The central bank’s pullback has sparked jitters in financial markets, with the benchmark S&P 500 stock index in September recording its worst month since March 2020. The danger of persistently higher inflation and the prospect of the Fed slowing the economy by hiking rates in 2022 will also pose political peril for President Joe Biden and the Democrats in an election year, where they hope to be able to point to a robust recovery.

“The training wheels are kind of off for the economy,” said Michael Feroli, chief U.S. economist at JPMorgan Chase, the country’s biggest bank. “If the party’s going to go on, the Fed’s got to let it go on.”

That’s not likely to happen for much longer. Powell acknowledged at a conference on Wednesday that inflation pressures are likely to continue into next year, even as he expects them to eventually ease. The Fed chair said he found it “frustrating to see the bottlenecks and supply chain problems not getting better — in fact at the margins apparently getting a little bit worse.” On Friday, the government reported that a key measure of inflation closely monitored by the Fed rose to another 30-year high.

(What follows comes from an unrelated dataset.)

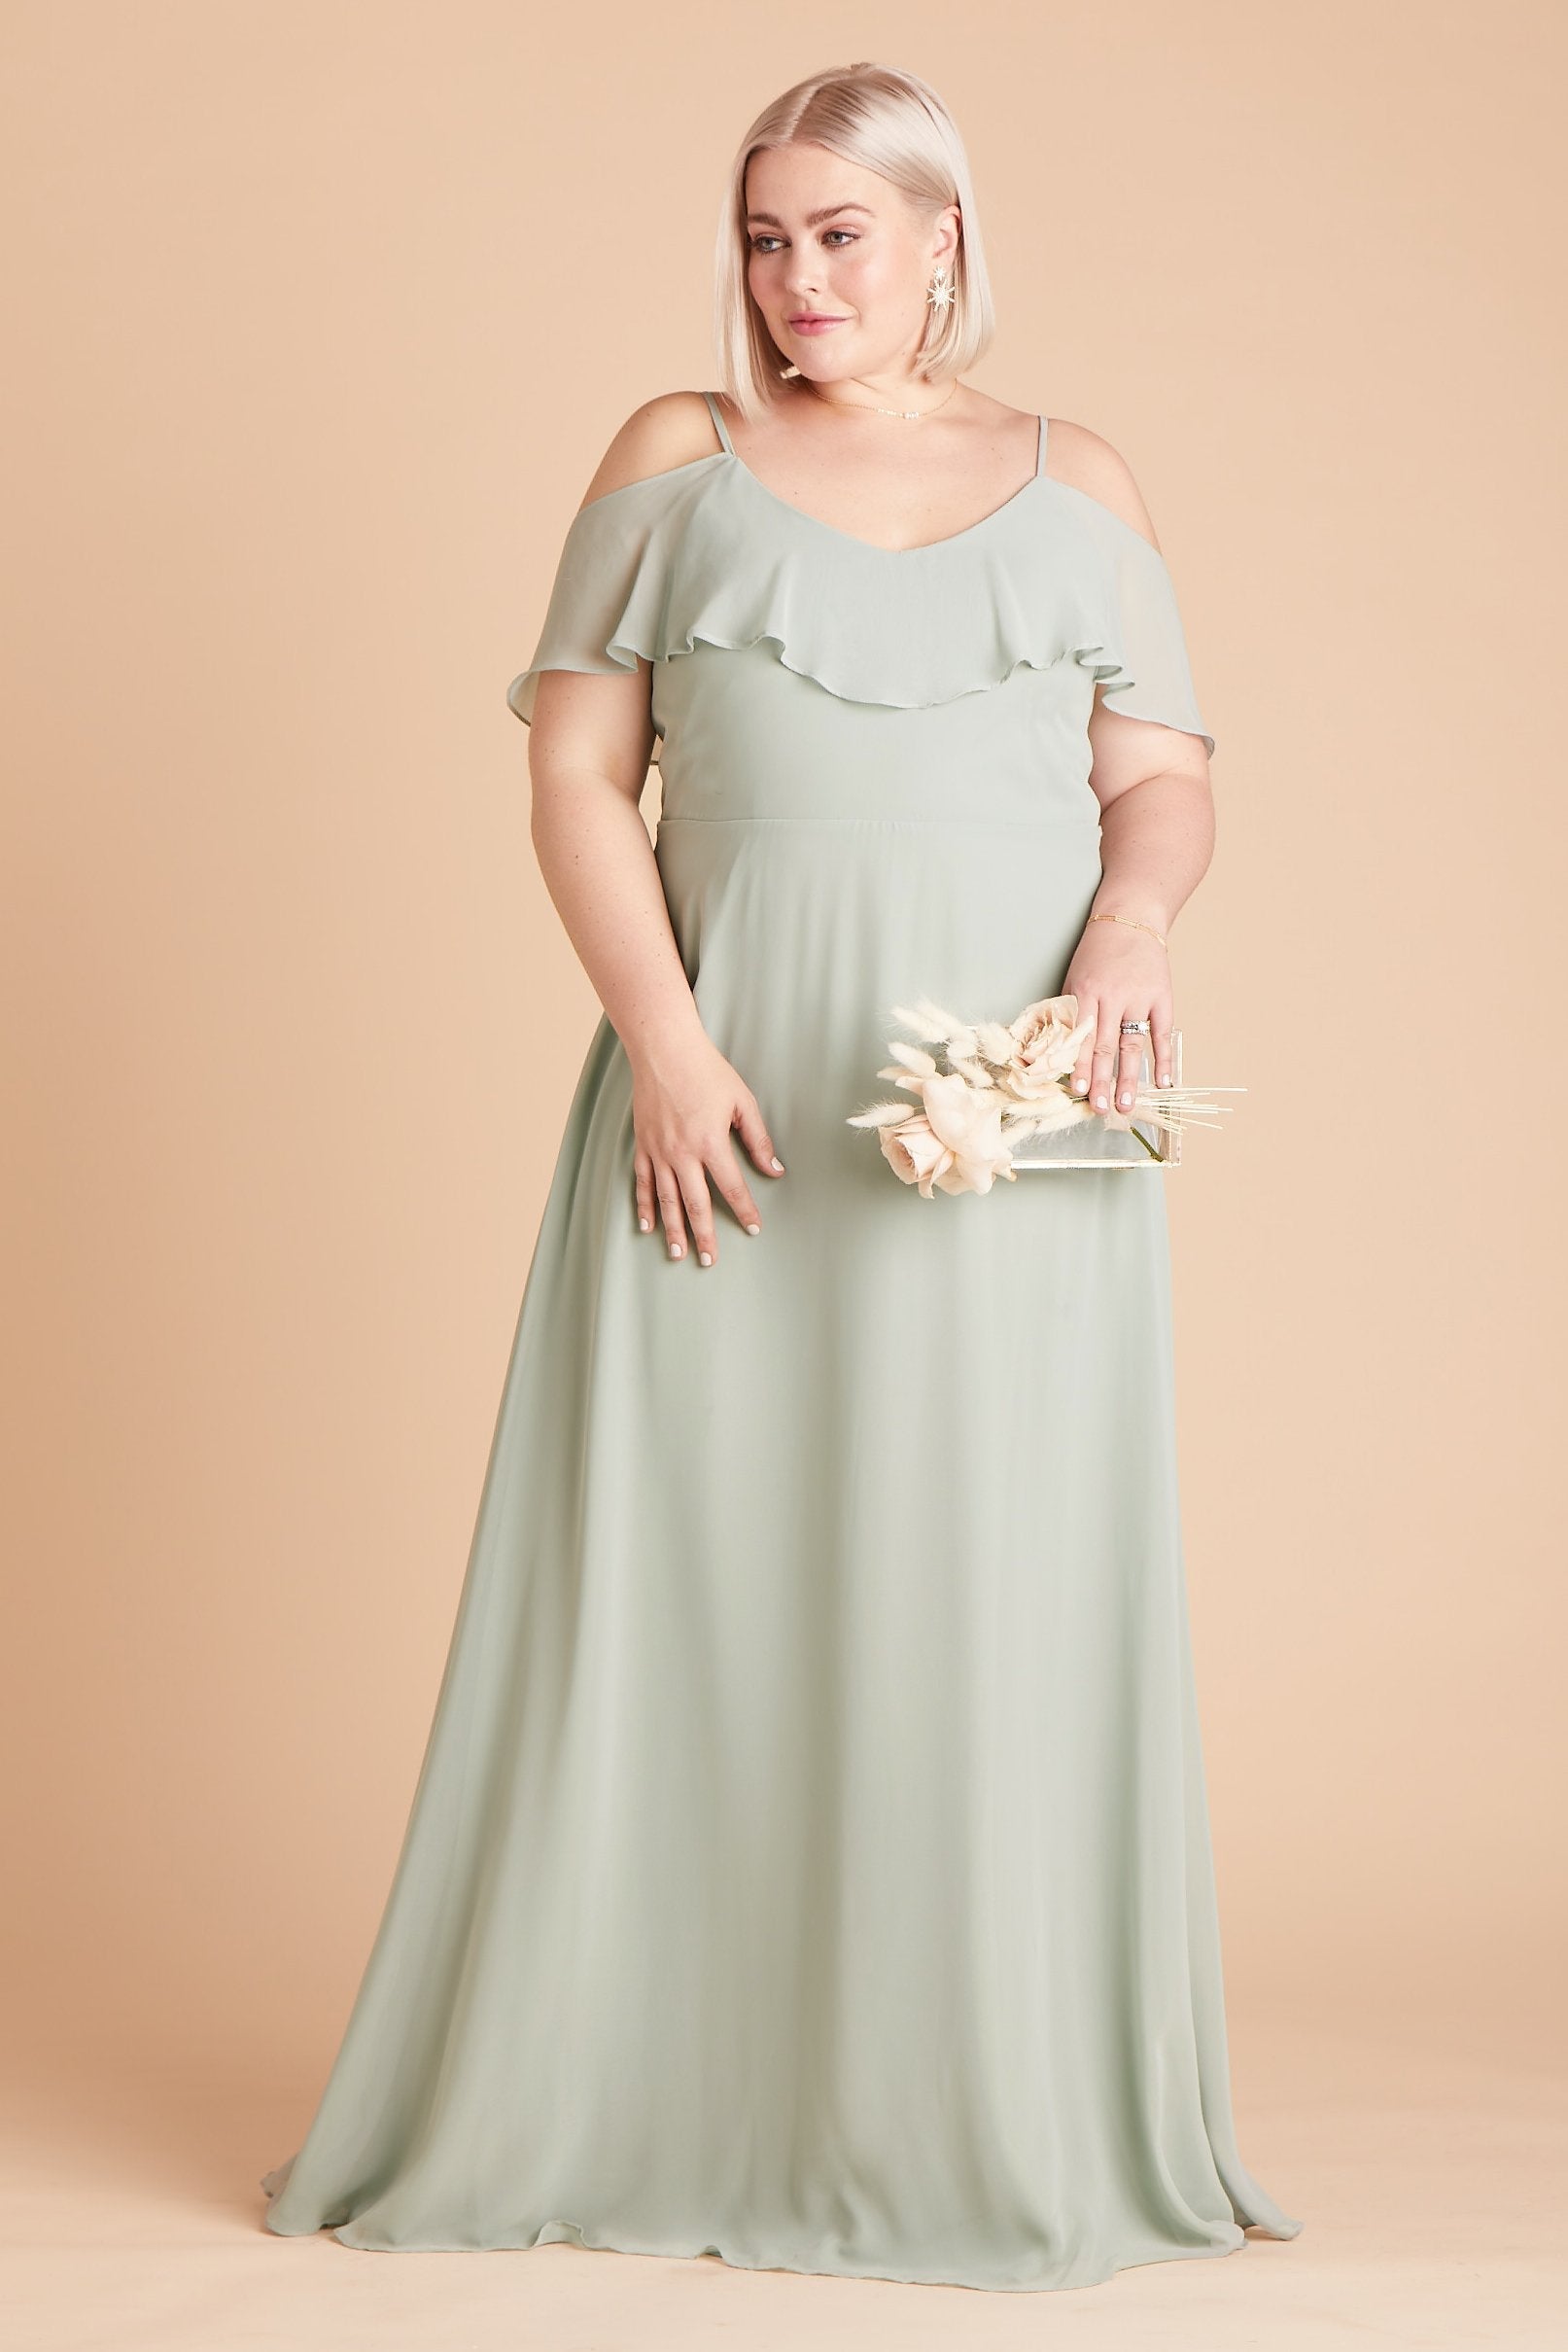 Jane convertible plus size bridesmaid dress in sage green chiffon by Birdy Grey, front view

In the depths of the pandemic last year, both Powell’s Fed and Congress took unprecedented action to shore up businesses, households and financial markets — pumping trillions of dollars into the economy to fill gaping revenue holes and facilitate cheap lending. The Fed has continued to buy a staggering $120 billion a month in government securities to keep rates low.

The speed and force of the response have worked. U.S. growth is expected to exceed 5 percent this year, its fastest pace in decades. But the coronavirus still looms in any forecast, and the threat of rising cases as the weather gets colder could dampen growth, given that there’s little expectation of more of the kind of short-term bursts of aid passed by Congress over the past year and a half. Even the sweeping legislative packages that lawmakers are debating on Capitol Hill now contain mostly measures that would be spread out over a period of years.

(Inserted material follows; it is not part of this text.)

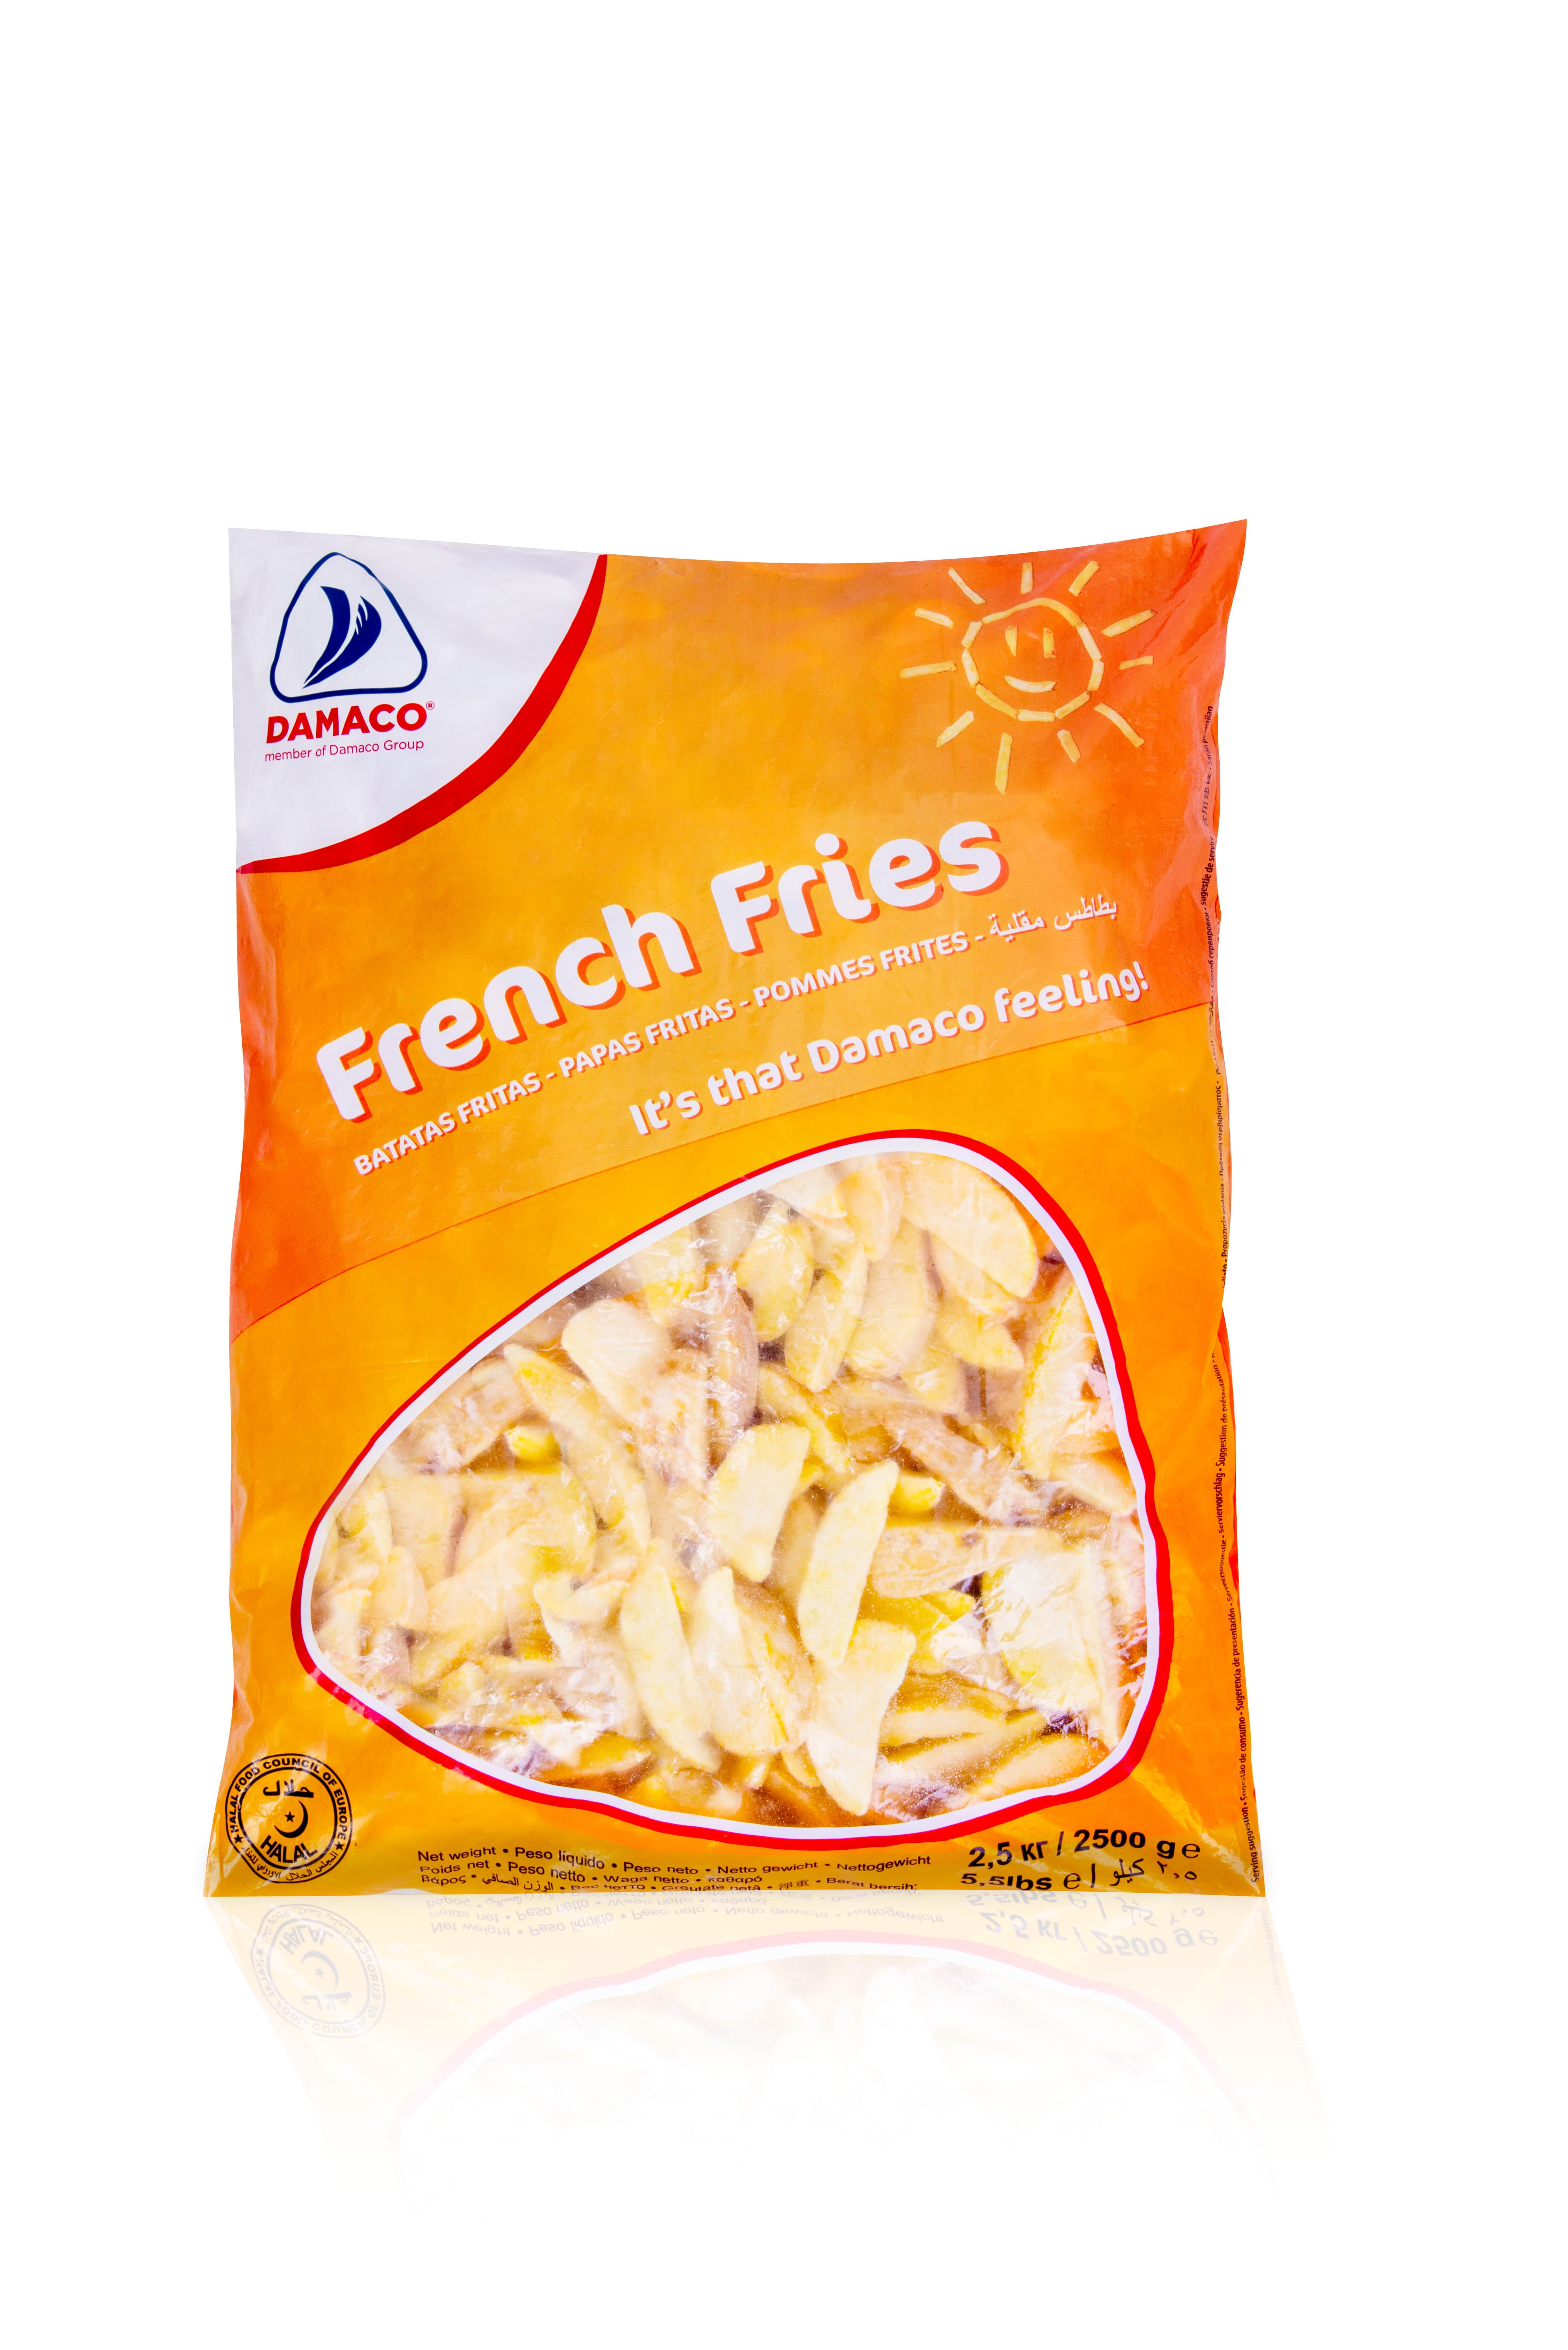 Steakhouse cut french fries packaging Damaco +/- 1-2.5kg Polybags Poids Variable Emballage Damaco

“We did have the perfect confluence of tailwinds” boosting the economy earlier this year when everything seemed to be reopening amid widespread vaccinations, bolstered by relief checks and other forms of aid, said Julia Coronado, a former Fed economist and president of MacroPolicy Perspectives. “Now that’s all in the rearview mirror.”

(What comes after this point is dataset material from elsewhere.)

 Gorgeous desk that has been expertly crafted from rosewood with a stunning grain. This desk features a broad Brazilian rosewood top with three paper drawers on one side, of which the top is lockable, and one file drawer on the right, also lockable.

Senior White House economic advisers will not publicly call on Powell to maintain ultra-easy money policies as Washington suffers through another round of fiscal follies, including the possibility of a debt limit scare sometime in the middle of October. But they are privately eager for Powell, who would like to be renominated for a second term as Fed chair later this year, to err on the gentler side, given that the unemployment rate is still elevated at 5.2 percent, while millions of out-of-work Americans are staying on the sidelines altogether.

Joe Brusuelas, chief economist at middle market consulting firm RSM, said Powell has a fine line to walk: Interest rate hikes aren’t ideal for the White House as the midterm elections approach, but heightened inflation figures well into next year could create a different set of worries — suggesting the need to tighten up at least a bit.

“Inflation, while it has probably peaked, is going to remain elevated for the next two years,” he said. “The Fed can’t ignore that.”

Powell has said the Fed expects to start slowing its bond purchases in November and is aiming to stop them entirely by the middle of next year, which could set up a rate increase in the second half of 2022. By that time, the central bank will have a much firmer handle on how supply-chain distortions are spurring price increases across the economy.

“These [supply-chain] effects have been larger and longer-lasting than anticipated, but they will abate,” the Fed chief told lawmakers this week.

The outlook could brighten if the pandemic begins to fade and the economy is able to stand more firmly on its own, cushioning markets from the gradual removal of Fed support and easing production delays. Stocks perked up Friday in the wake of news from pharmaceutical company Merck that its experimental pill aggressively reduced the chances of being hospitalized or dying from Covid.

“As the economy strengthens, Washington becomes less important,” said Richard Bernstein, founder of investment firm RBA.